Trojans are playing with fire
Once again, amid the kindling that has become the USC football program, “Fight On” is being drowned out by two other sounds.
More smoke here, strange smoke, scary smoke, stupid smoke, adding to a cloud that ensures the NCAA will keep looking for that illegal burn.
Just some kid driving his girlfriend’s car.
Just another silly ember that could have been doused with a little more prudence and a little less arrogance.
Is it really that hard to monitor some kid driving his girlfriend’s car?
Is there really an athletic department over there, or just Pete Carroll coaching football and a bunch of people looking the other way?
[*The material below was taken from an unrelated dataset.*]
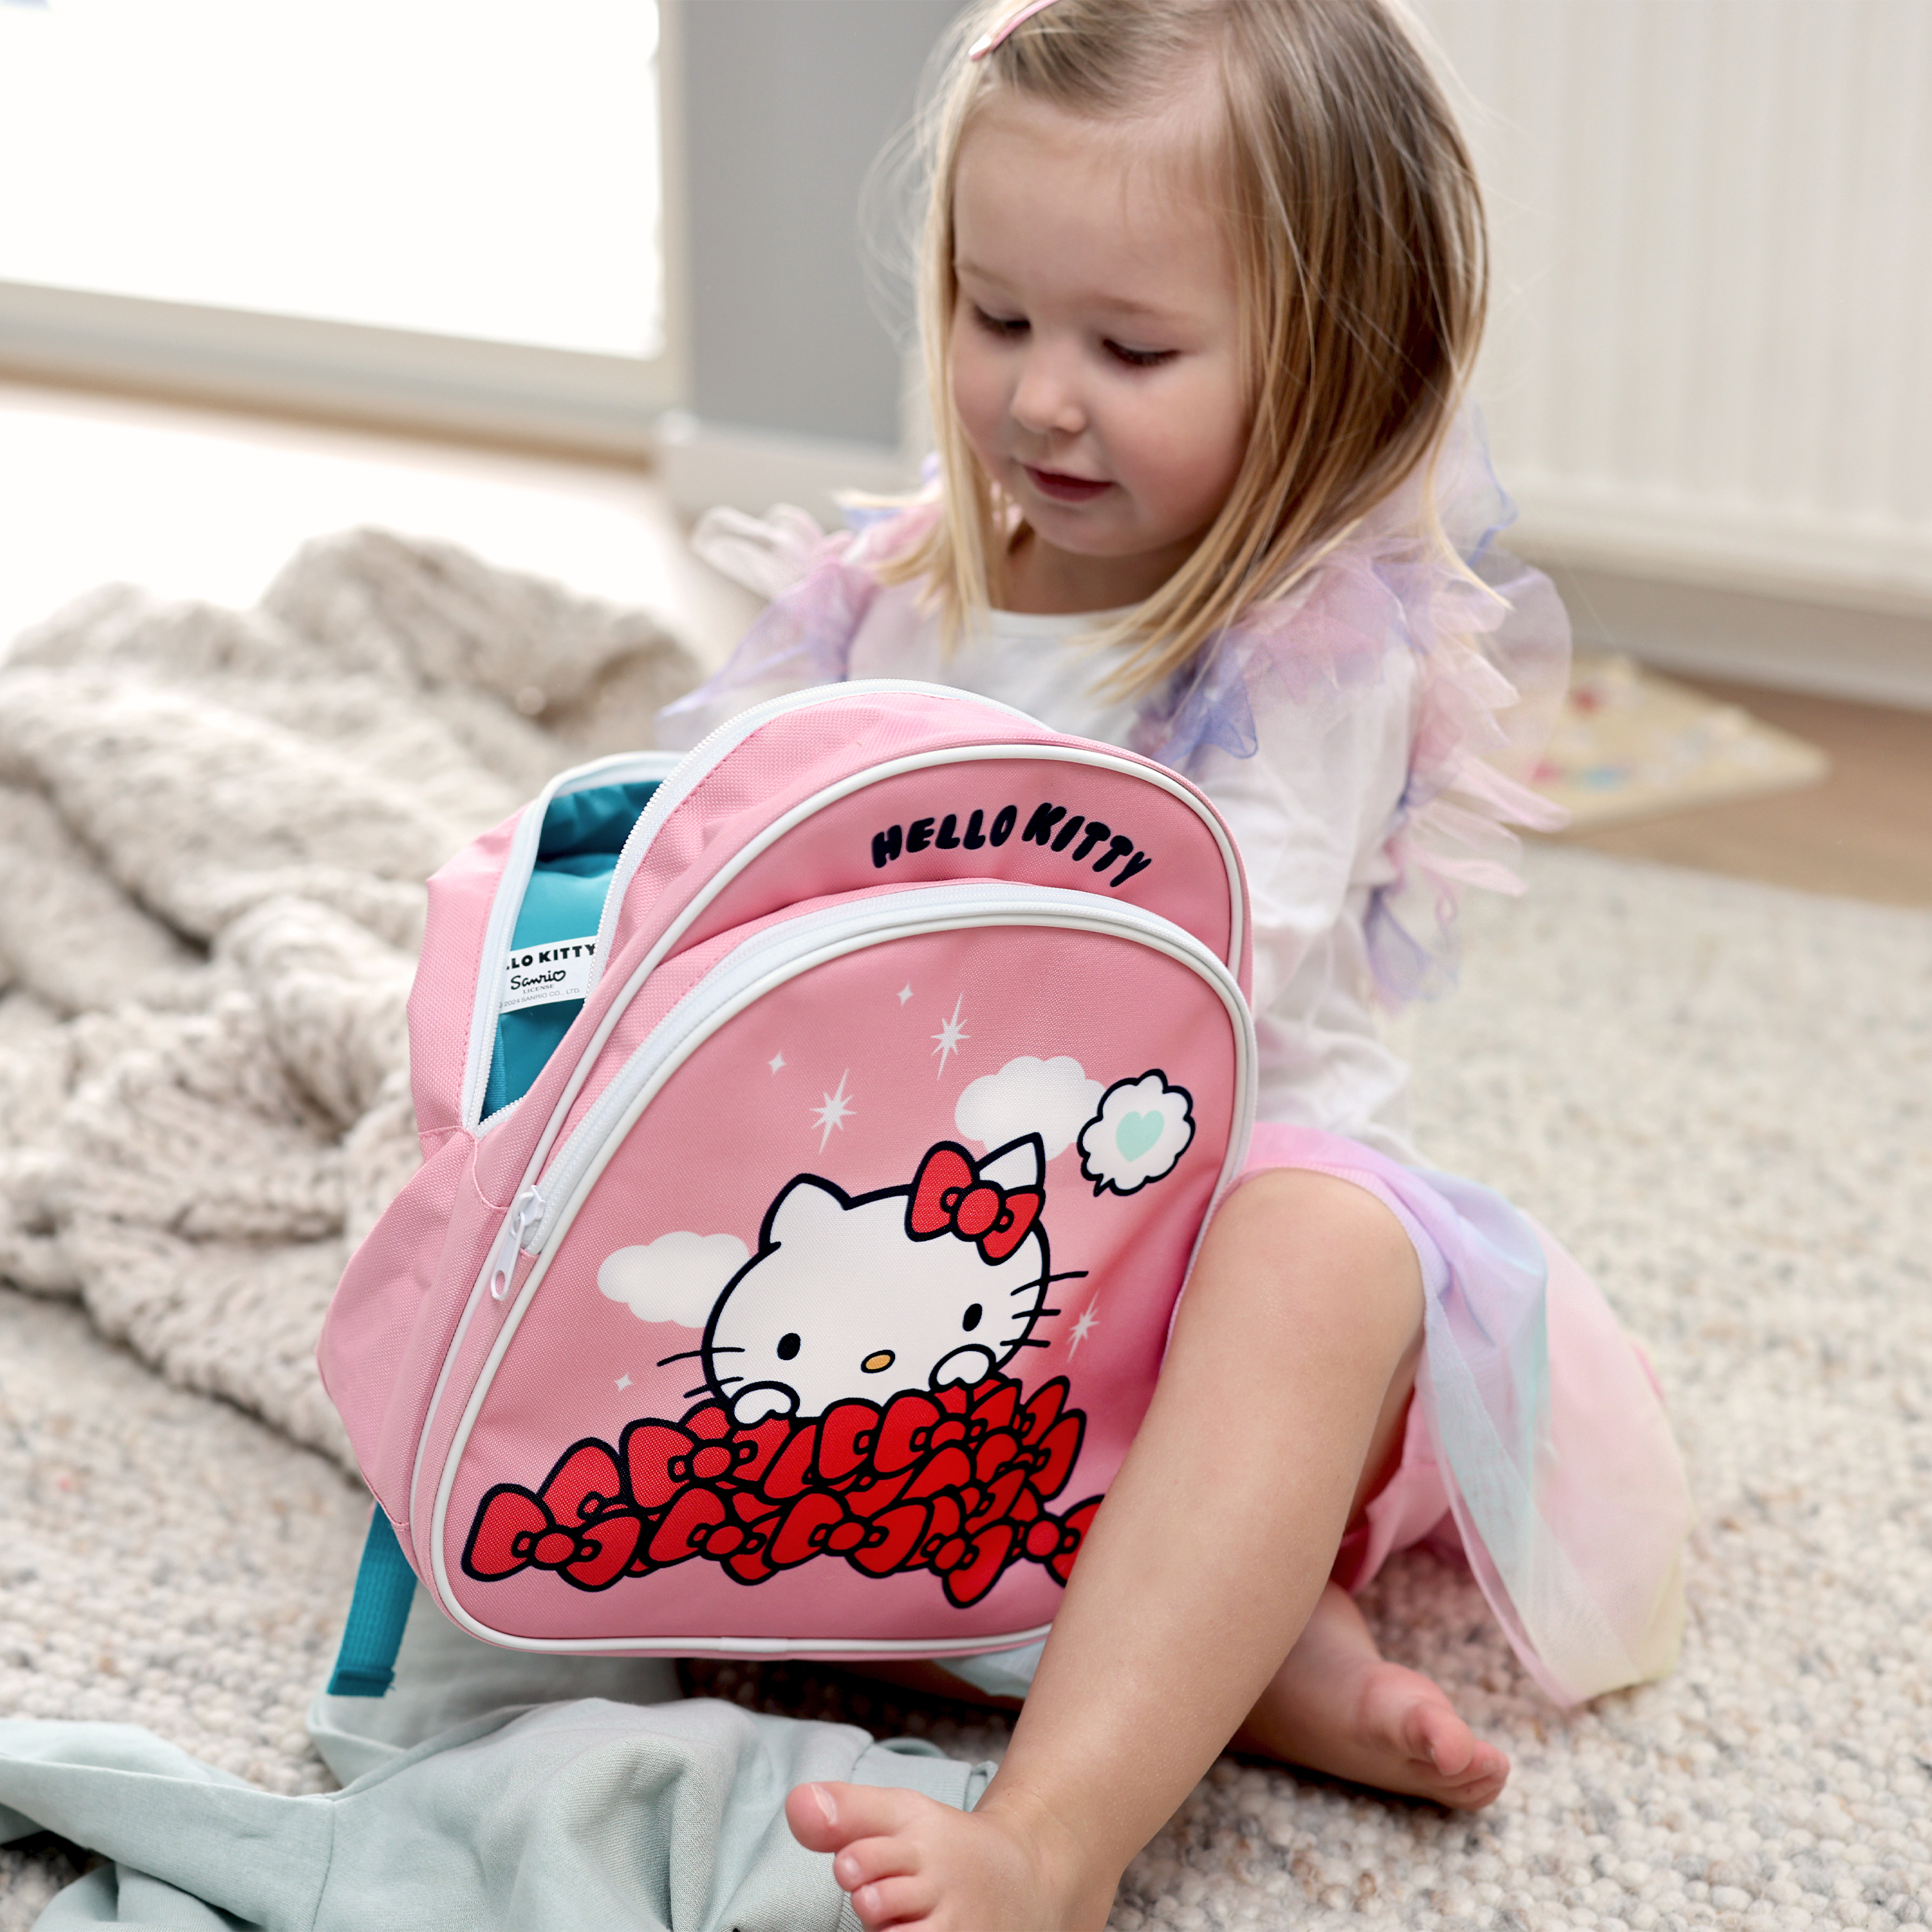 Hello Kitty and Friends hello kitty kids bag backpack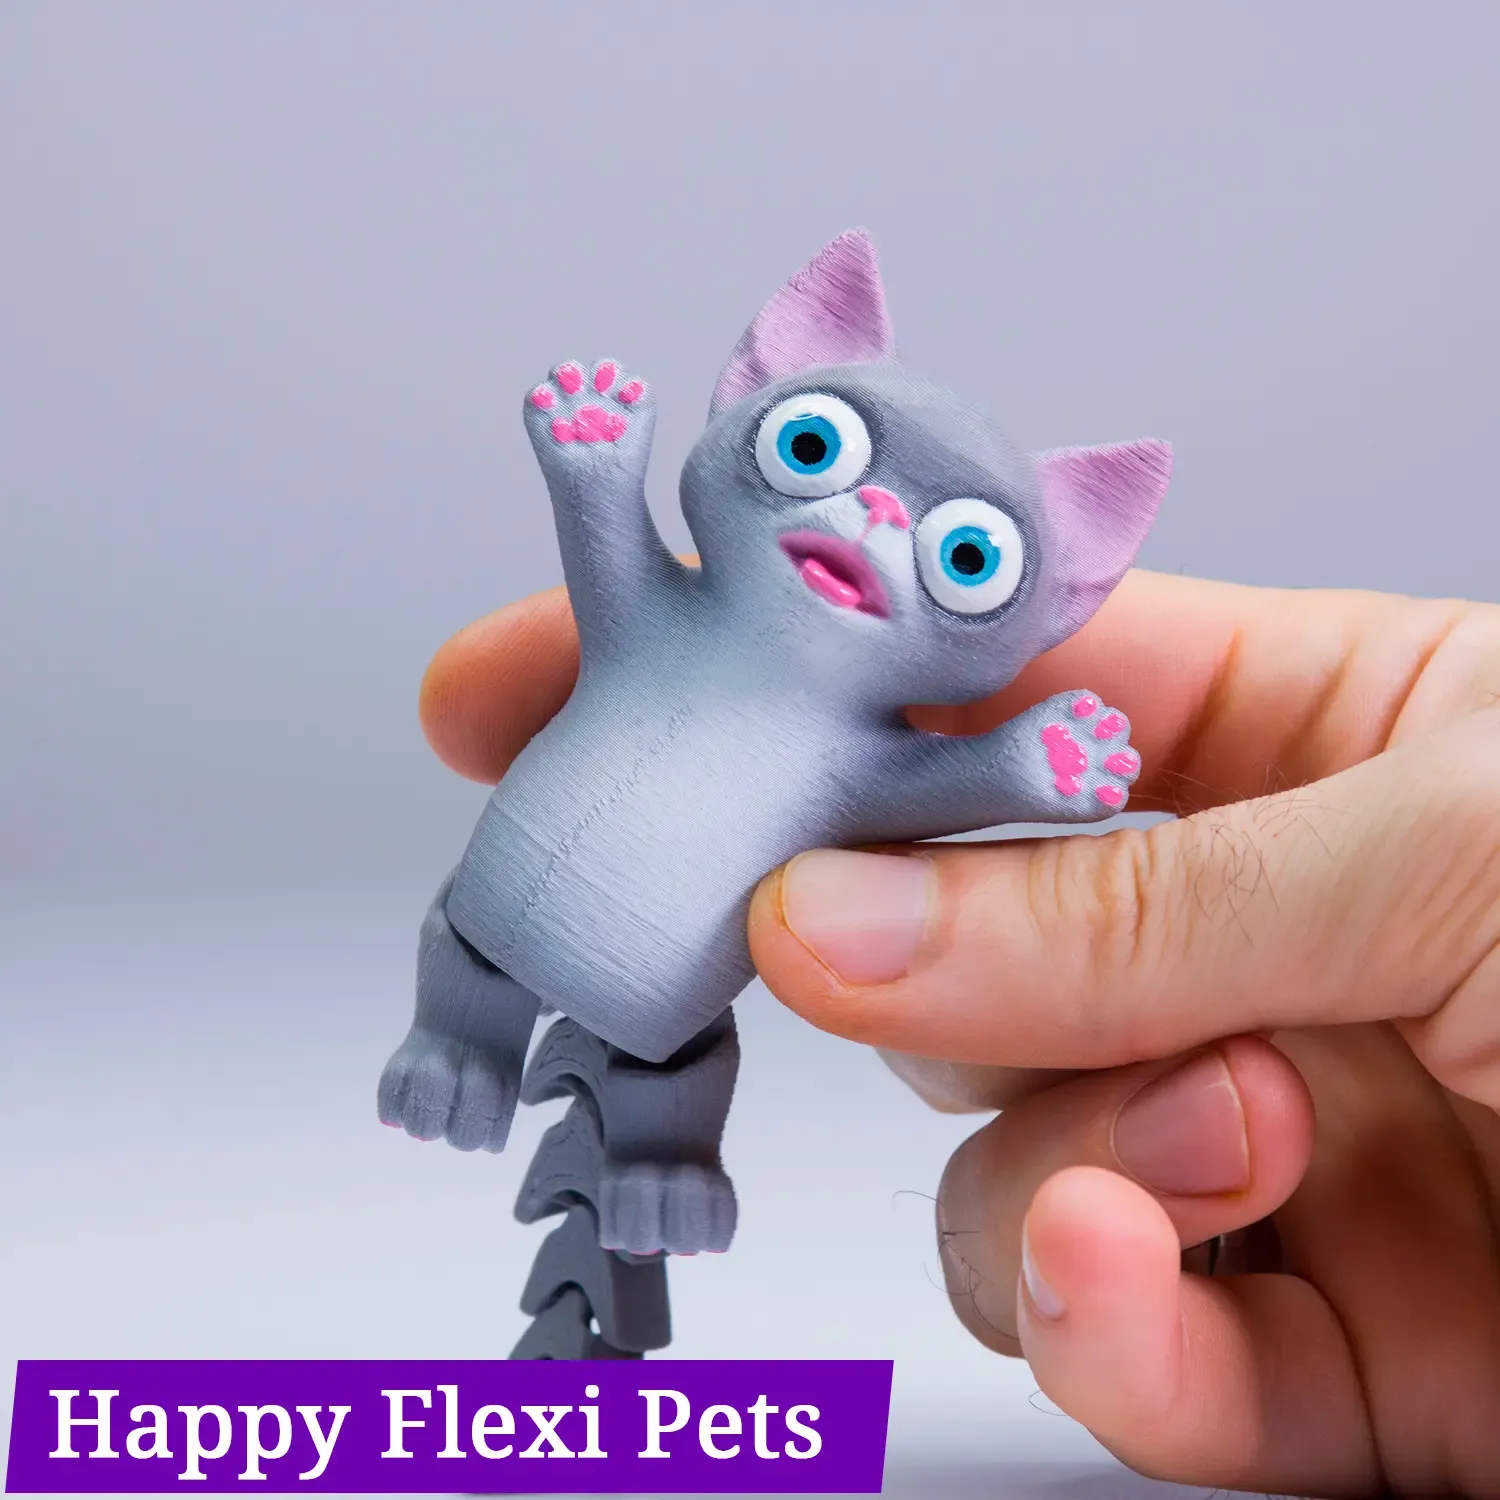 Ghost cat and scared one - print in place flexi pet toys

Here’s the story, so typical, so avoidable.
Joe McKnight, the Trojans’ star running back, is seen driving a black 2006 Land Rover owned by some sports-nut businessman.
The guy, Scott Schenter, says he bought it for McKnight’s girlfriend, who he says is an employee and longtime family friend.
Schenter has a history doing business on the periphery of sports, and even once registered the website name 4joemcknight.com, but he has no documented association with McKnight or the university.
An innocent relationship, perhaps, but then the story gets weird.
First red flag: When asked about the car, McKnight lies and claims he didn’t drive it, even though he has been seen driving it regularly.
Why would you lie about driving a car if you didn’t think you were breaking NCAA rules?
Second red flag: When asked about the car, Schenter refuses to respond to a flurry of e-mailed questions, then issues a statement only after The Times’ initial story appears Saturday.
Schenter writes that his answers were delayed because he’s in South Africa and the Internet is “expensive” there.
You spend $27,000 for a Land Rover for some employee, yet you can’t afford the hookup at the Fairfield Inn Johannesburg?
It’s all knucklehead stuff, embarrassing stuff, but it does make one thing official.
The USC football program now leads the nation in recklessness.
The sophisticated, NFL-like Trojans are experts on what they do, but appear clueless on who they are.
Heisman Trophy winner’s family home? No idea. Star receiver’s rent? What? Star running back’s car? Who?
C’mon now. It’s one thing to evade those gumshoes at the NCAA, it’s another thing to insult them.
At some point, despite USC’s money and power and prestige, the collegiate police are going to cuff them out of spite.
I mean, whom do the Trojans think they are kidding?
Did they really think that one of their most celebrated players could drive a car owned by a potential agent or manager and nobody would notice?
The most damning part of The Times story is the Land Rover parked outside the Trojans’ practice field with the emergency lights flashing while McKnight socialized with his teammates and coaches before jumping in the car and driving away.
Is there nobody at USC who would see this and wonder why this kid with no job from an economically disadvantaged background would be driving such a nice vehicle?
Oh, wait, that’s right, in keeping with regulations, McKnight apparently registered the car with the university before the season. McKnight lied about it in a Times interview, saying it wasn’t registered, but officials later said it was.
Fine. Didn’t any of those officials read the name of the car’s owner and wonder about the connection?
Even if the connection is completely innocent, one would think that somebody over there would understand that looks are everything in a town built on perception.
Joe, we understand it’s your girlfriend’s car. But nobody else will. So stop driving it.
For the USC program to be brought down because of a kid illegally driving a car is as tired and cliché as a bank being robbed because of a sleeping guard.
The issue is not with the car, but the caretakers, and so on Saturday I called Pete Carroll.
“You know I’m not supposed to say anything,” he said.
The sound of his voice told it all. He’s weary and frustrated with this stuff, but, as I’ve written here, there’s an easy way to fix it.
Pay more attention to it. Go overboard in monitoring it. Understand that your legacy here will be affected by it.
And don’t dare use the excuse that it’s 80 young men and it’s Los Angeles and it’s impossible to know everything. This excuse once got Bob Toledo fired from UCLA. Coaches are paid big money to know all their players, especially their best ones.
Players who, in many cases, do not care about anything but themselves and their NFL future.
Reggie Bush embarrassed the university, then ran off to collect millions
McKnight, Bush’s anointed successor, has now also embarrassed the university, which means he undoubtedly will run off this summer to collect his own riches.
USC is once again left with all this smoke, and the real fear that one day soon, the smallest of flames will be discovered and the entire foundation will eventually crumble.
Even if it’s just some kid driving his girlfriend’s car.